A second myth, that you’ll hear all the time about negotiation, is that “people learn from their own experience”. My experience is that most people don’t learn from their own experience. In fact, most people as negotiators just develop habits, standard practices that sometimes work for them, and sometimes do not work for them. But they don’t learn from their experience; there’s no feedback mechanism.
The third myth is “negotiation can’t be taught”. Our program at Harvard University has given lie to this myth. For over the last decade we have successfully helped thousands of professionals improve their skills. I sometimes think of myself as a coach, not unlike a coach of a swimming team or track team. My view is that I can help anyone become a more efficient negotiator. Like lots of other activities, there are some people that are more naturally skilled than others. Some people have a physique that makes them a better natural swimmer. But in fact, with good coaching, it turns out that people that are most talented can learn the most and improve the most. And even those with less skill can substantially improve their practices. In the next thirty minutes, I’d like to suggest my own theoretical approach to understanding negotiation and tell you a little bit about our methods — how we teach negotiation at Harvard.

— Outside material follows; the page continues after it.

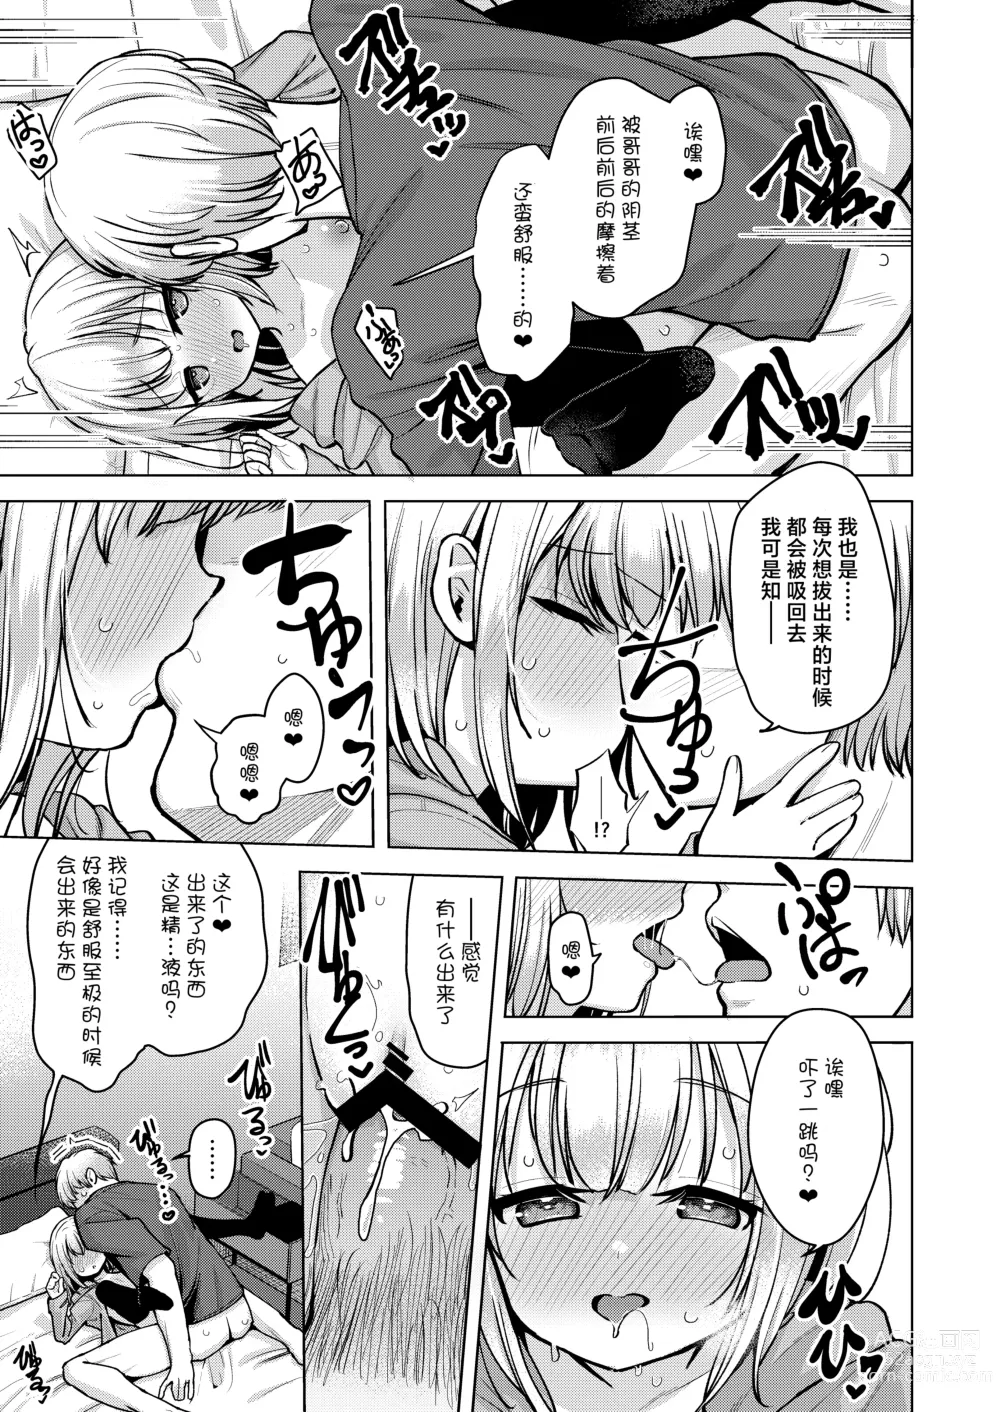 Page 17 of doujinshi 邪心妹妹真是太棒了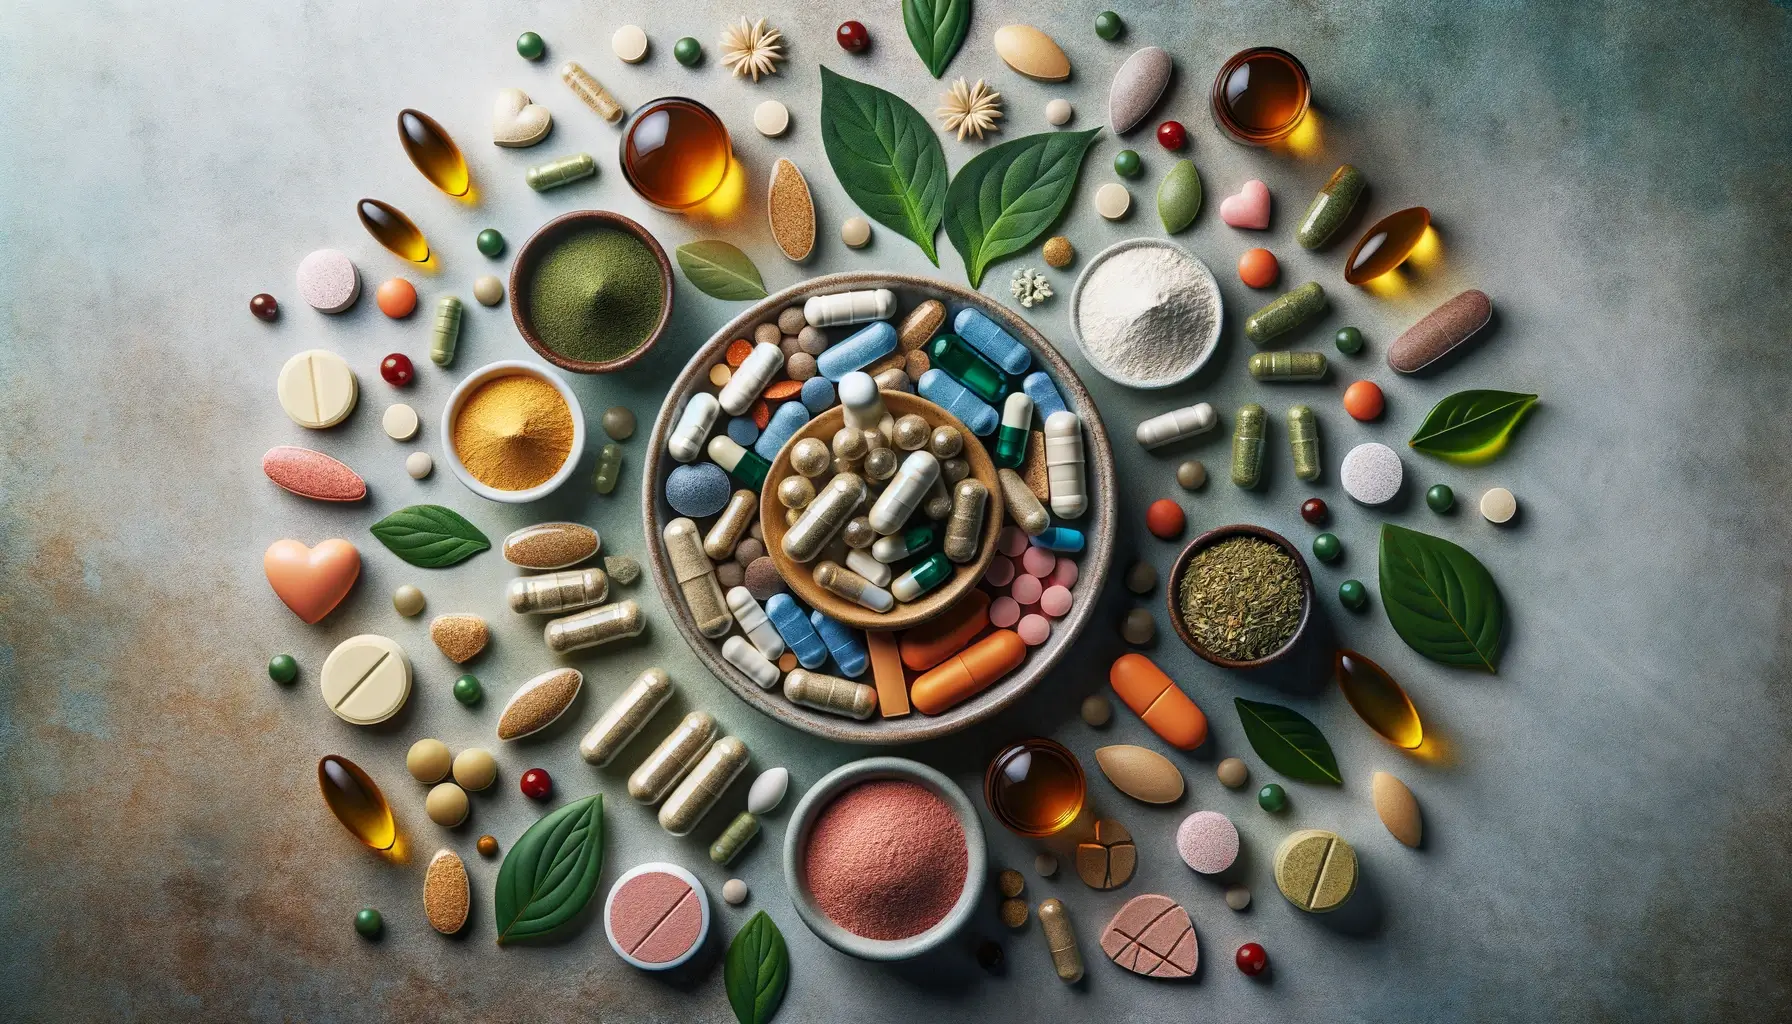 A diverse array of dietary supplements in various forms and colors, including tablets, capsules, powders, and herbs, artistically arranged around a bowl on a textured surface, signifying the wide range of options in nutritional supplementation.

Let me begin with the theory. First, it is important to understand that through negotiation value can be created, both sides can be made better off, the pie can be expanded. Secondly, my own theory of negotiation suggests that negotiation requires the management of three tensions. I’ll try to describe to you what these tensions are. And the third aspect, what I like to talk about are some of the special features of legal negotiations.
Let me start with the sources of value creation. Students often believe that the only way you create value in negotiation is when people have common interests. In fact, the most typical way through negotiations people make themselves better off is by exploring differences, and exploiting gains from trade. When a vegetarian trades his pig to a carnivore for some broccoli both parties are better off. There are other sources of value creation. One of the most important aspect of ADR is that you can reduce transaction costs, the costs of disputes, and when you do that both parties can be made better off.
Let me describe the three tensions that I think need to be managed in any negotiation. The first is “the tension between creating value and distributing value”. In a negotiation it is possible for parties by making trades to expand the pie — to create value. But no matter how big the pie gets, it always has to be divided into slices. There is always a distributive issue. What size slice do you get? What size slice do I get? Why is there a tension?
Let me describe two stories to illustrate the tension. The first story is a very famous story about two brothers who were fighting over who should get an orange. Each brother claimed the orange belonged entirely to him. Finally, they compromised and cut the orange in equal halves. One of the brothers walked away, ate the fruit out of his half and threw the peel away. The other brother took his half of the orange back home, scooped out the fruit, threw it away and used the peel to flavor a cake.
Now those two people in fact resolved their conflict by dividing an orange in halves, but they absolutely failed to create value. They could have negotiated a better deal where one brother got all the fruit and the other brother got all the rind. They both could have been better off. Why didn’t they? Because they never told each other what their underlying interests and goals were? Out of fear of being exploited by the other side, parties often hide what is really important to them. They don’t disclose their underlying interests for fear of being taken advantage of.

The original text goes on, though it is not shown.